И тут меня осенило. Как же я сразу не подумала? Мой брат! Наследник нашего рода, мой обожаемый старший брат!

– Питер-Дамиен может выступить моим опекуном! Когда вы его вызовете и проверите, то убедитесь, что он ни при чем – и мы вместе разберемся… – я почти захлопала в ладоши, но, заметив, как переглянулись мужчины, замолчала.

И поняла что меня ждет еще одна отвратительная новость.

– Эва-Каталина… – снова ректор. – Два дня назад из Ангра-ди-Эроима пришло сообщение, что Питер исчез.

– К-как исчез? В-вы смеетесь? Маг не может просто так исчезнуть – при должных усилиях его всегда можно найти по граням! Если только он не…

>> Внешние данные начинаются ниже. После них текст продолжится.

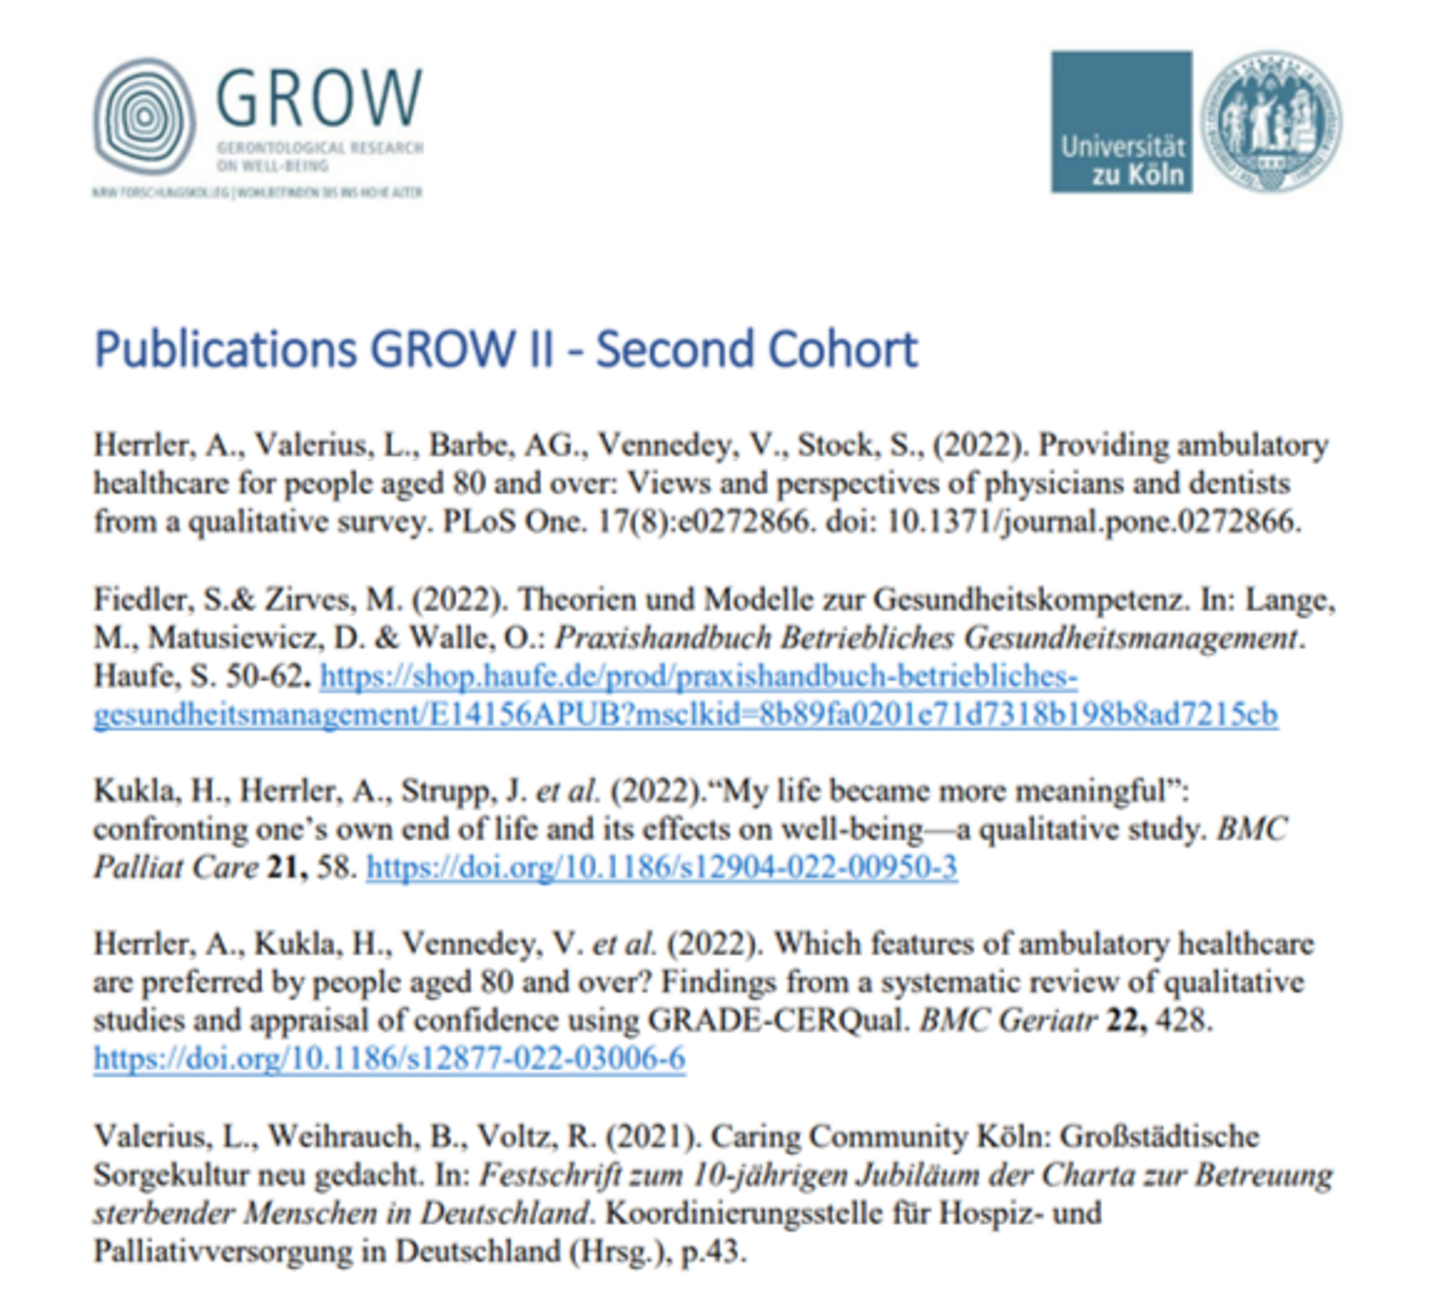 Publications GROW II - Second Cohort

Голос пресекся, когда я осознала, что значит их тяжелое молчание: маг может исчезнуть и из граней, если умирает или попадает за завесу. Что, собственно, одно и то же.

Сжала руками голову и всхлипнула. И снова. Слезы лились не переставая, не принося облегчения, а только отравляя кровь и все вокруг…

Я пошатнулась, но устояла и сжала кулаки. А потом вытерла рукавом мокрое лицо – все лучше, чем ничего не видеть – и твердо посмотрела на двух мужчин.

– Мой брат найдется, – сказала холодно, – потому что он жив. И никуда не пропал, просто так… вышло. И за то, что моих родителей посадили в темницу наш род еще услышит извинения. А теперь позвольте мне уйти, – на последнем слове голос снова сорвался, но я не позволила себе снова скатиться в истерику.

Ректор со вздохом кивнул, и я, держа спину прямо, заставила себя шагнуть прочь из его кабинета. И, не сворачивая ни в какие аудитории, дошла до выхода из здания.

На площади было пусто – я не знала, сколько было времени, даже желания поднять голову и посмотреть на башенные часы не было, но, наверняка, занятия еще шли вовсю.

Плевать.

На площади было холодно – но отсутствие плаща впервые не заставило мерзнуть.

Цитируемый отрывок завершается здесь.